- Film poster
- Based on: The House on Honeysuckle Lane
- Written by: Caitlin D. Fryers
- Directed by: Maggie Greenwald
- Starring: Alicia Witt Colin Ferguson
- Music by: Michael Richard Plowman
- Countries of origin: United States Canada
- Original language: English

Production
- Executive producer: Danielle von Zerneck
- Producers: Andrew Gernhard Erica Joseph Hunter Colin Theys
- Cinematography: Branden James Maxham
- Editor: Keith Reamer
- Running time: 120 minutes

Original release
- Network: Hallmark Channel Hallmark Movies & Mysteries
- Release: November 24, 2018

= Christmas on Honeysuckle Lane =

Christmas on Honeysuckle Lane is a 2018 American-Canadian television film starring Alicia Witt and Colin Ferguson, based on the novel by Mary Elizabeth McDonough.

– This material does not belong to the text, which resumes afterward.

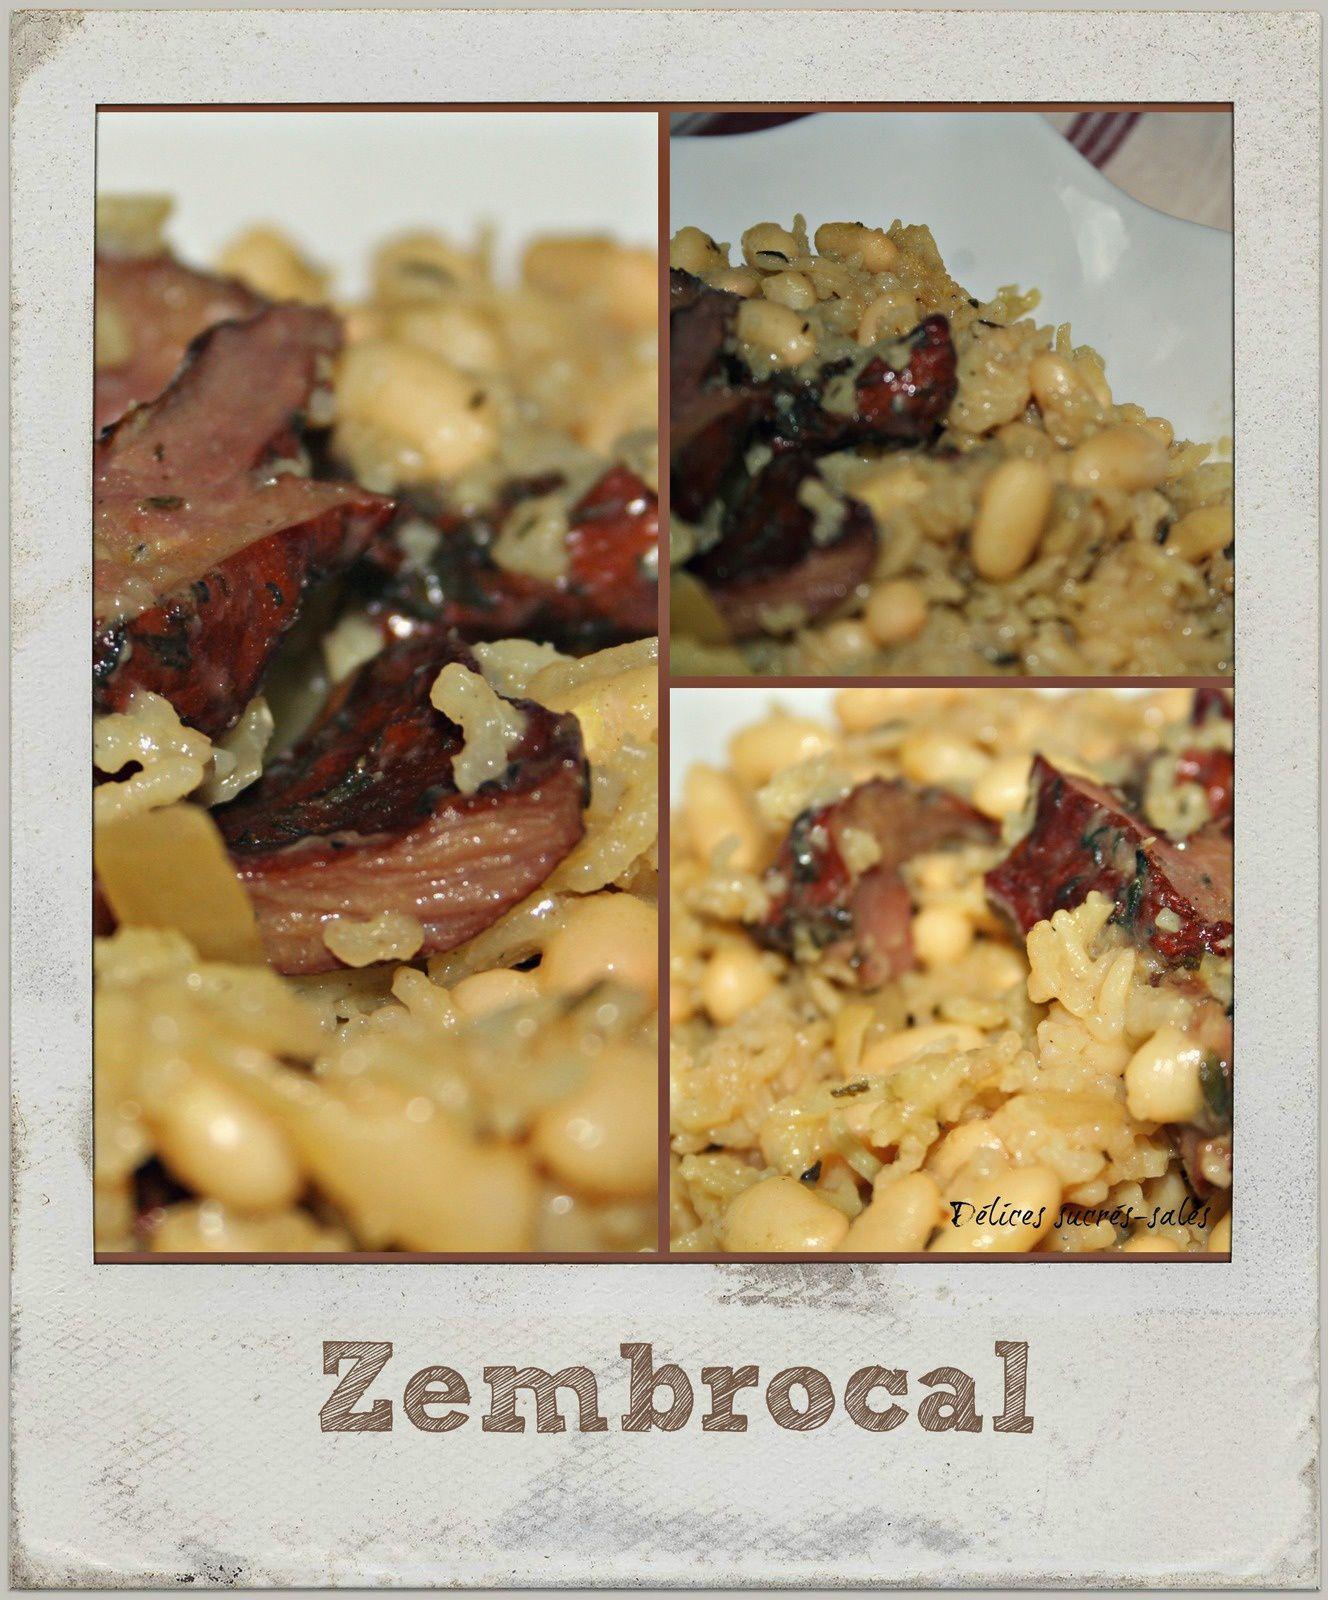 Zembrocal
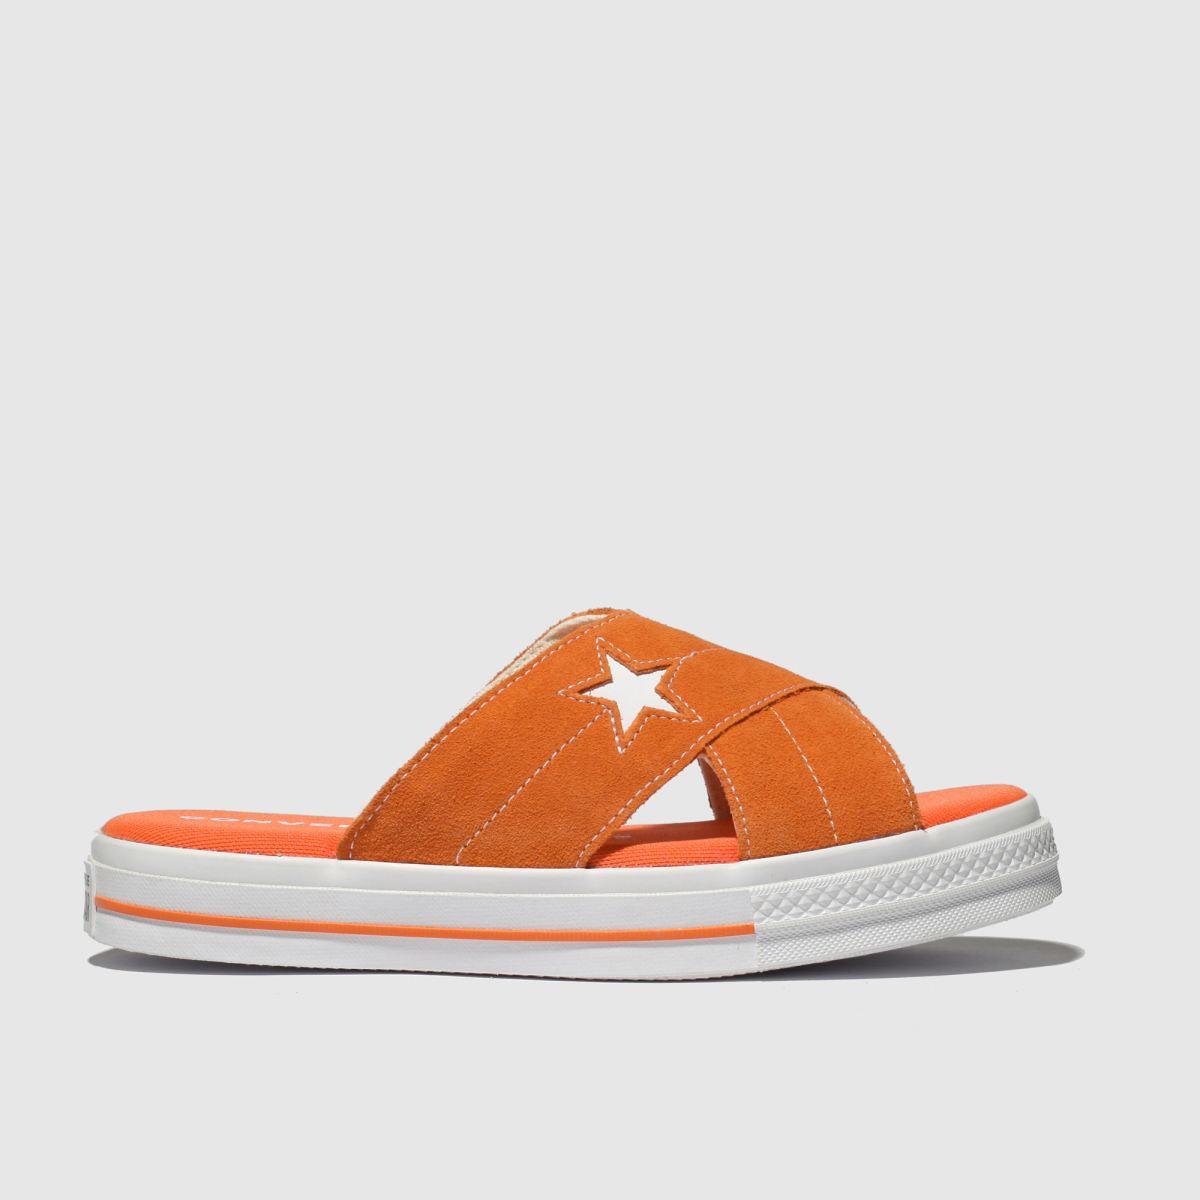 Converse Orange One Star Sandal Sandals

The film premiered on Hallmark Channel and Hallmark Movies & Mysteries on November 24, 2018.

==Plot==
After their parents have died, Emma and her siblings spend a nostalgic Christmas in their family home before putting the house on Honeysuckle Lane up for sale.

==Cast==
- Alicia Witt as Emma Reynolds
- Colin Ferguson as Morgan Shelby
- Jordan Dean as Daniel Reynolds
- Laura Leighton as Andie
- Ariane Rinehart as Rumi
- Blair Busbee as Maureen
- Debra Lord Cooke as Grace
- Owen Dammacco as Marco
- Blair Lewin as Anne Marie
- Gary Lindemann as Cliff
- Fiona Morgan Quinn as Sophie
- John Palladino as Ian Tillman
- Jill Larson as Rachel Jacobs
- Mary Beth McDonough as Caroline Reynolds
- Josiah Harvey as Townsperson / Party Guest
- David Boston as House Party Guest
- Kami Cotler as Townsperson
- Courtney Gonzalez as Townsperson
- Michelle Patnode as Townsperson
- Bill Salvatore as Townsperson At Outdoor Concert
- Paul Tawczynski as Townsperson
- Katie Vandrilla as Townsperson

==Notes==
The filming location was in Old Wethersfield, Connecticut, and over the course of two weeks location in the town included Comstock Ferre and Co., the Silas Robbins Bed and Breakfast, the Webb-Deane-Stevens Museum.